[TASK PROMPT]: The data below holds the lines to copy: everything from the line containing "Lai Châu: Công" to the line containing "AGP-LLP_Media_Toronto_Star_Header", both ends included, set down exactly.

____ DATA RECORDS

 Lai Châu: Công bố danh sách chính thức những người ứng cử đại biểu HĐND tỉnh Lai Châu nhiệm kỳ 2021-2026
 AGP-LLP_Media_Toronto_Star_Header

________
____ DATA RECORDS

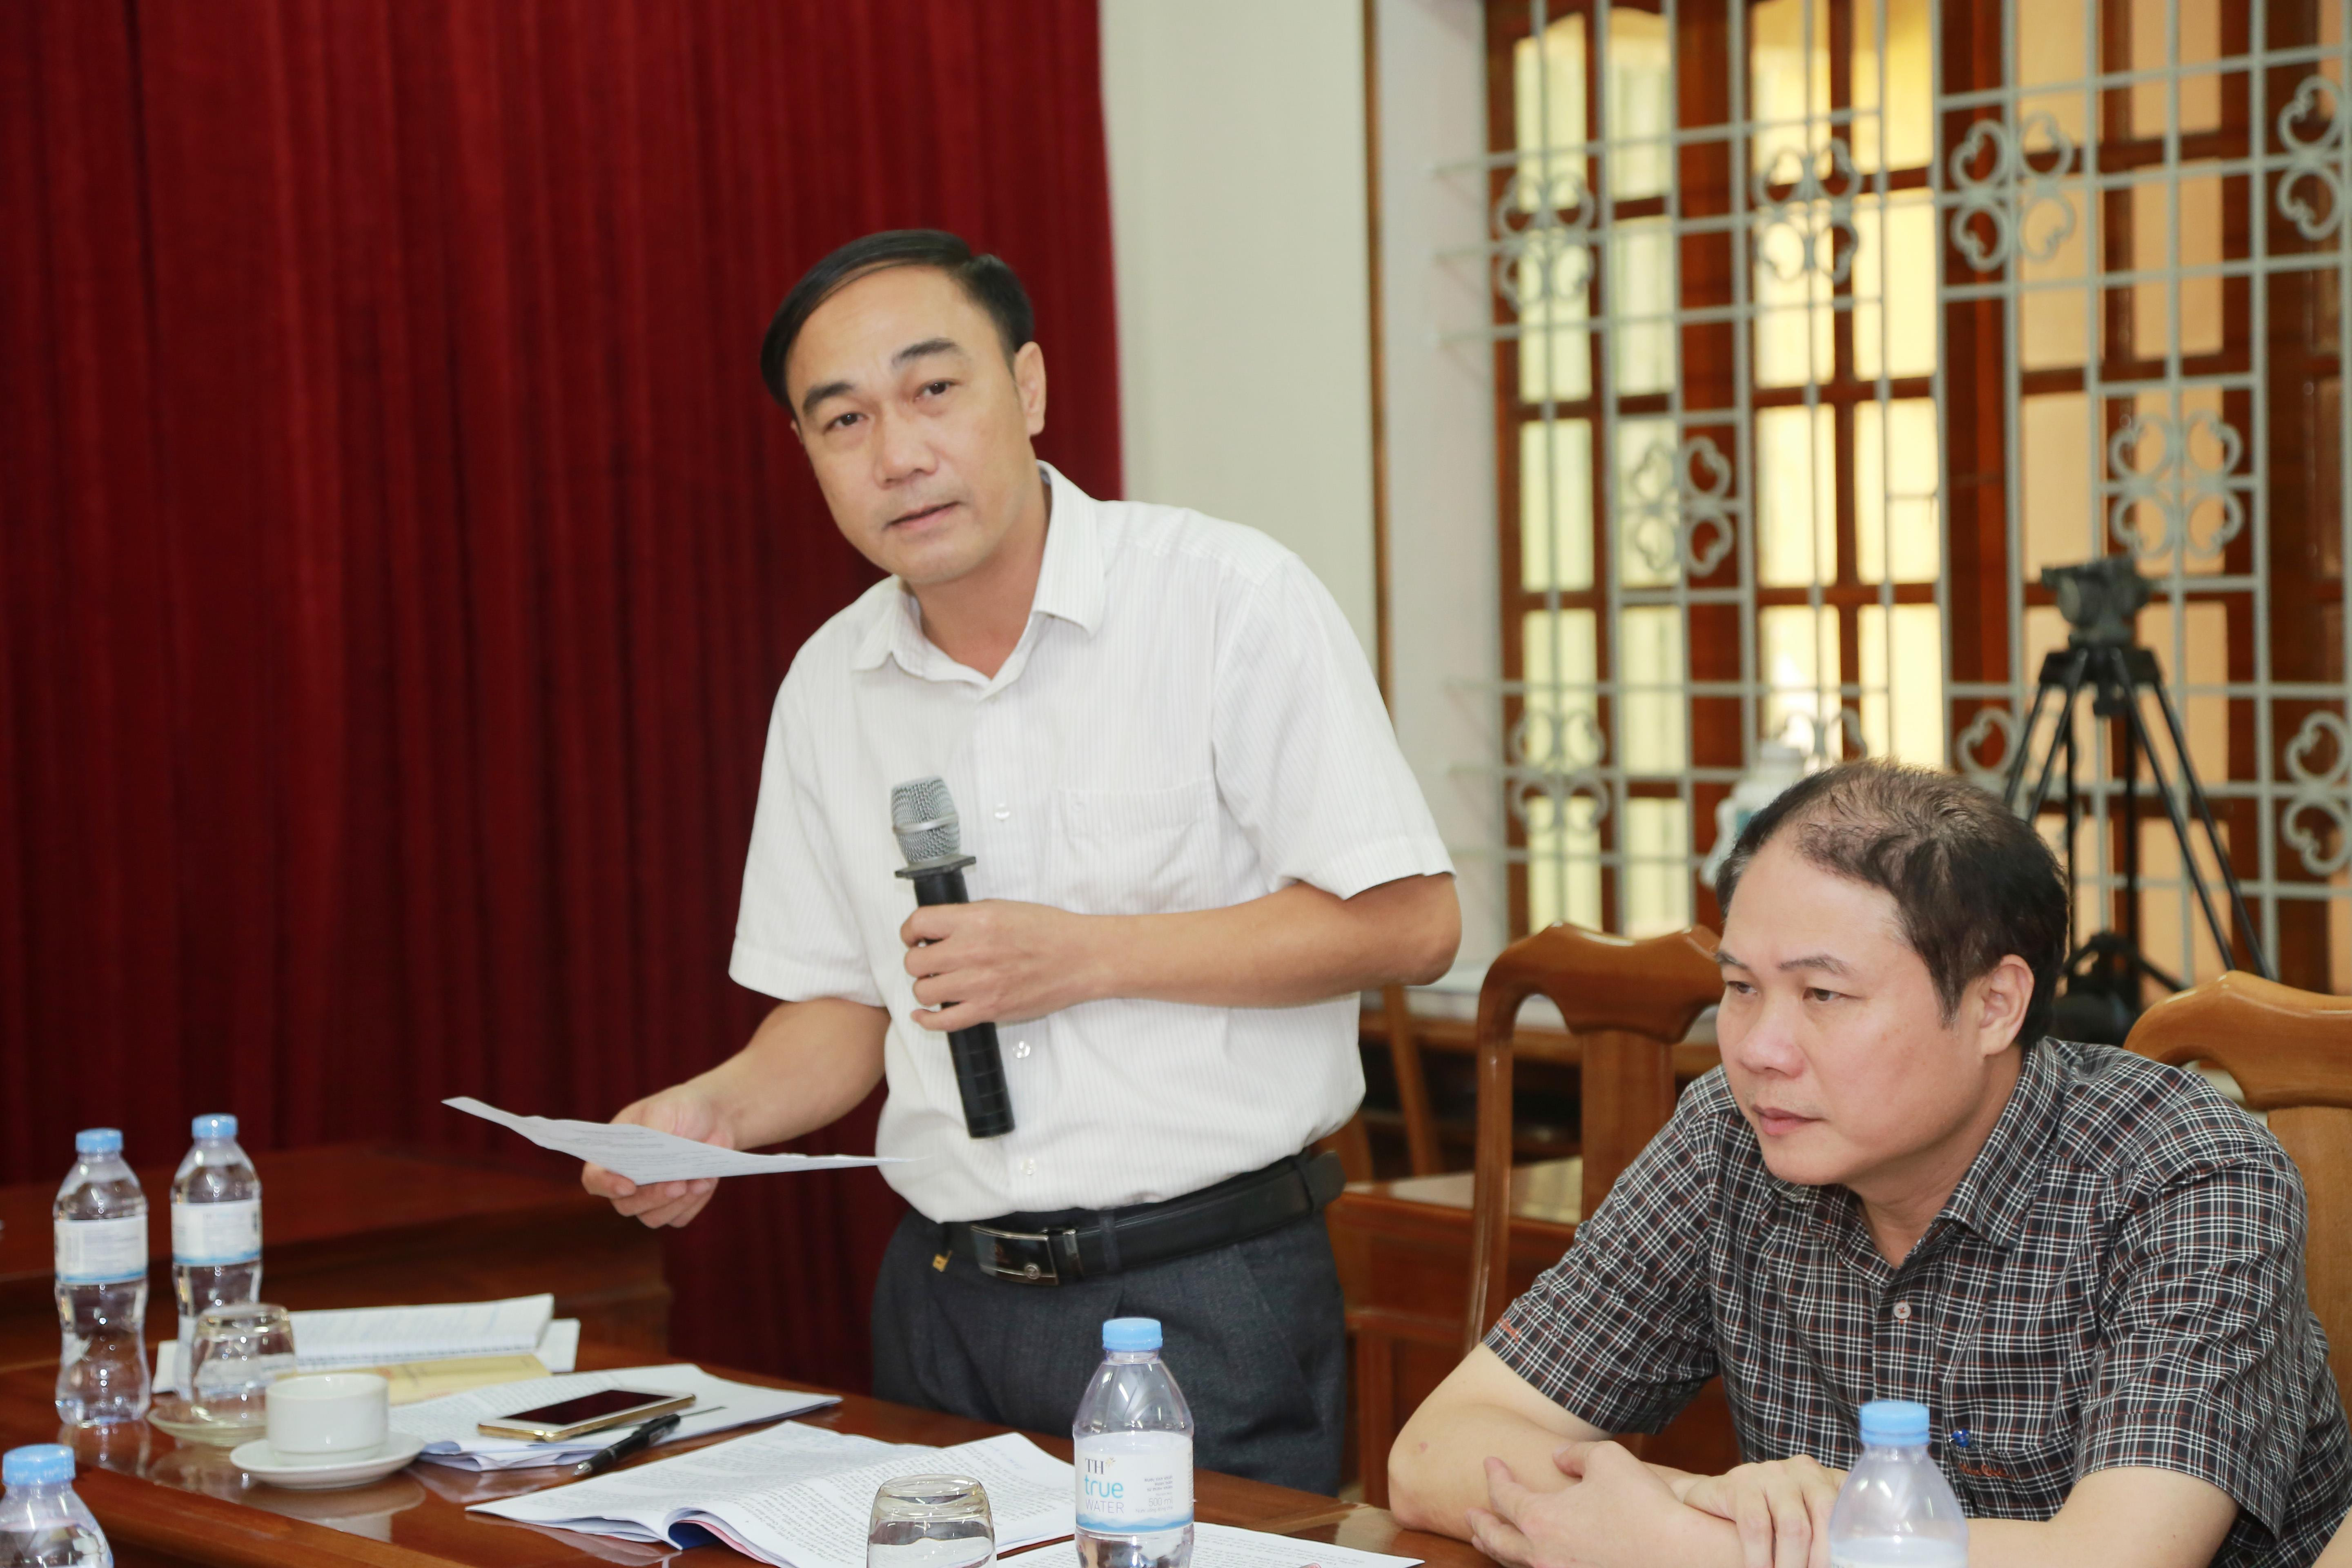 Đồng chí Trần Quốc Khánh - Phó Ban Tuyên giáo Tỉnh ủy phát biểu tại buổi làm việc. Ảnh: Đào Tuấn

________
____ DATA RECORDS

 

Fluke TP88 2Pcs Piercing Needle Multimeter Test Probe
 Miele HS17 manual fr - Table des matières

________

[RESPONSE TO THIS EXERCISE]:
 Lai Châu: Công bố danh sách chính thức những người ứng cử đại biểu HĐND tỉnh Lai Châu nhiệm kỳ 2021-2026
 AGP-LLP_Media_Toronto_Star_Header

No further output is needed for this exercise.